If you want to hide data from all users then you can create a special app-specific user and impersonate it from your app. This, along with ACLs, is the blessed technique on Windows for system services.
You might want to look at Isolated Storage, which is a way of storing settings and other data on a per-application data automatically.
See an example and MSDN.
This is an alternative to storing normal settings in the registry, a better one in a lot of cases... I'm not sure how the data is stored to file however so you'd need to check, you wouldn't want it to be accessible, even encrypted, to other users. From memory only the app. that created the storage can open it - but that needs checking.
Edit:
From memory when I last used this, a good approach is to write a "Setting" class which handles all the settings etc. in your app. This class then has the equivalent of Serialize and DeSerialize methods which allow it to write all its data to an IsolatedStorage file, or load them back again.

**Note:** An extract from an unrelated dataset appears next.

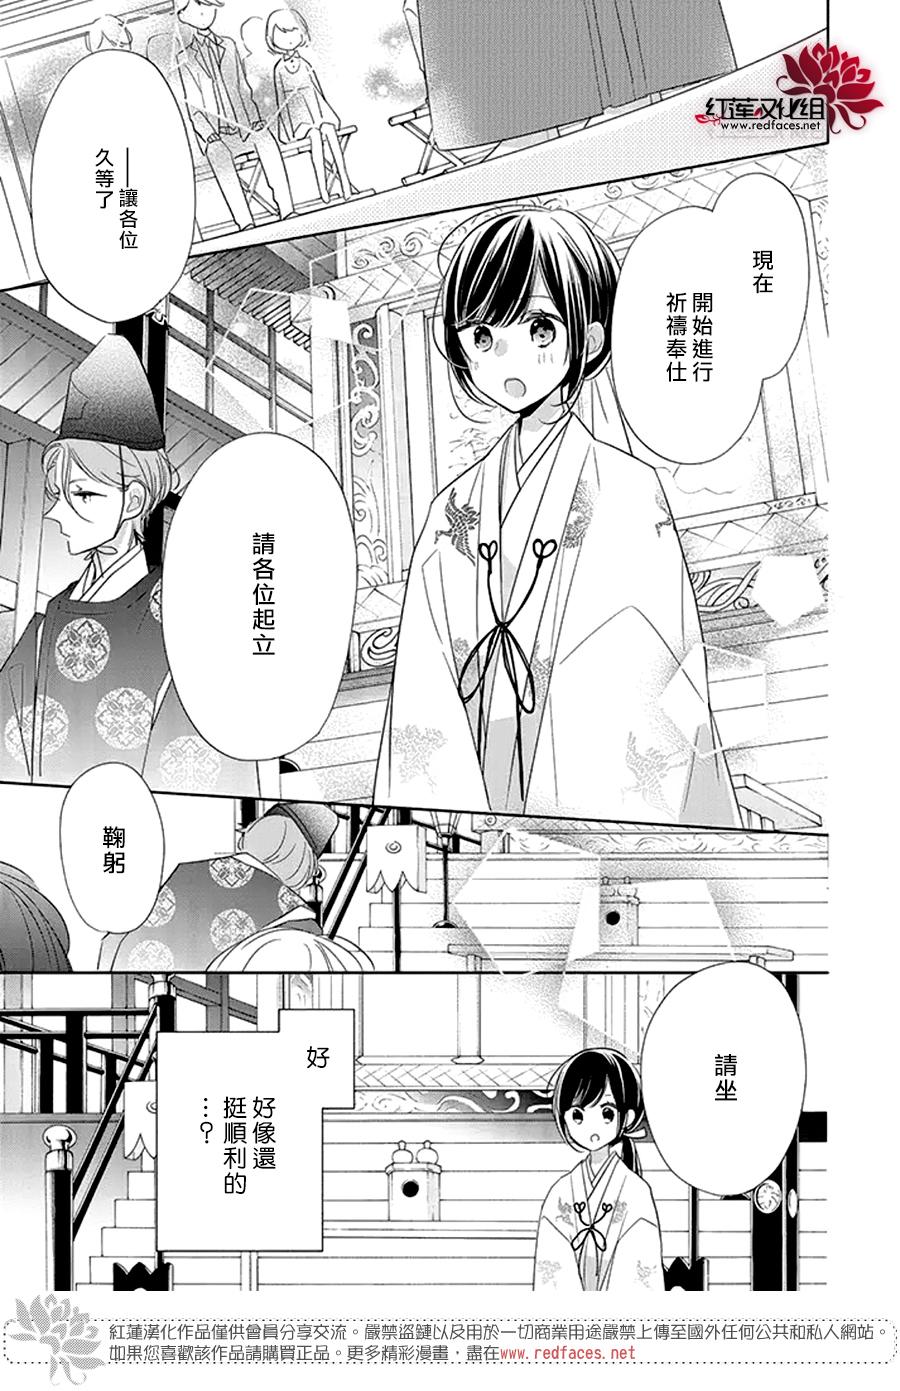 If given a second chance - 23話 - 6

The extra advantage of implementing it in this way is you can use attributes to mark up bits of the source and can then use a Property Grid to quickly give you user-edit control of settings (the Property Grid manipulates class properties at runtime using reflection).
I recommend you look at the Enterprise Library Cryptography Application Block. Check this blog post. Windows has a built in Data Protection API for encrypting data, but the Crypto Application Block makes it more straightforward.
Um, what you're trying to achieve is exactly what DRM tried to achieve. Encrypt something then give the user the keys (however obfuscated) and the crypto. They did it with DVDs. They did it with Blu-Ray. They did it with iTunes.
What you are proposing to do will never be secure. Your average lay person will probably not figure it out, but any sufficiently motivated attacker will work it out and discover the keys, the algorithm and decrypt the data.
If all you're doing is encrypting user data then ask the user for their password. If you're trying to protect your internal data from the user running the application you're S.O.L.
Erm hash the password? You don't need to store the real deal anywhere on the machine just a hashed password (possibly salted too). Then when the user enters their password you perform the same operation on that and compare it to the hashed one you've stored on disk.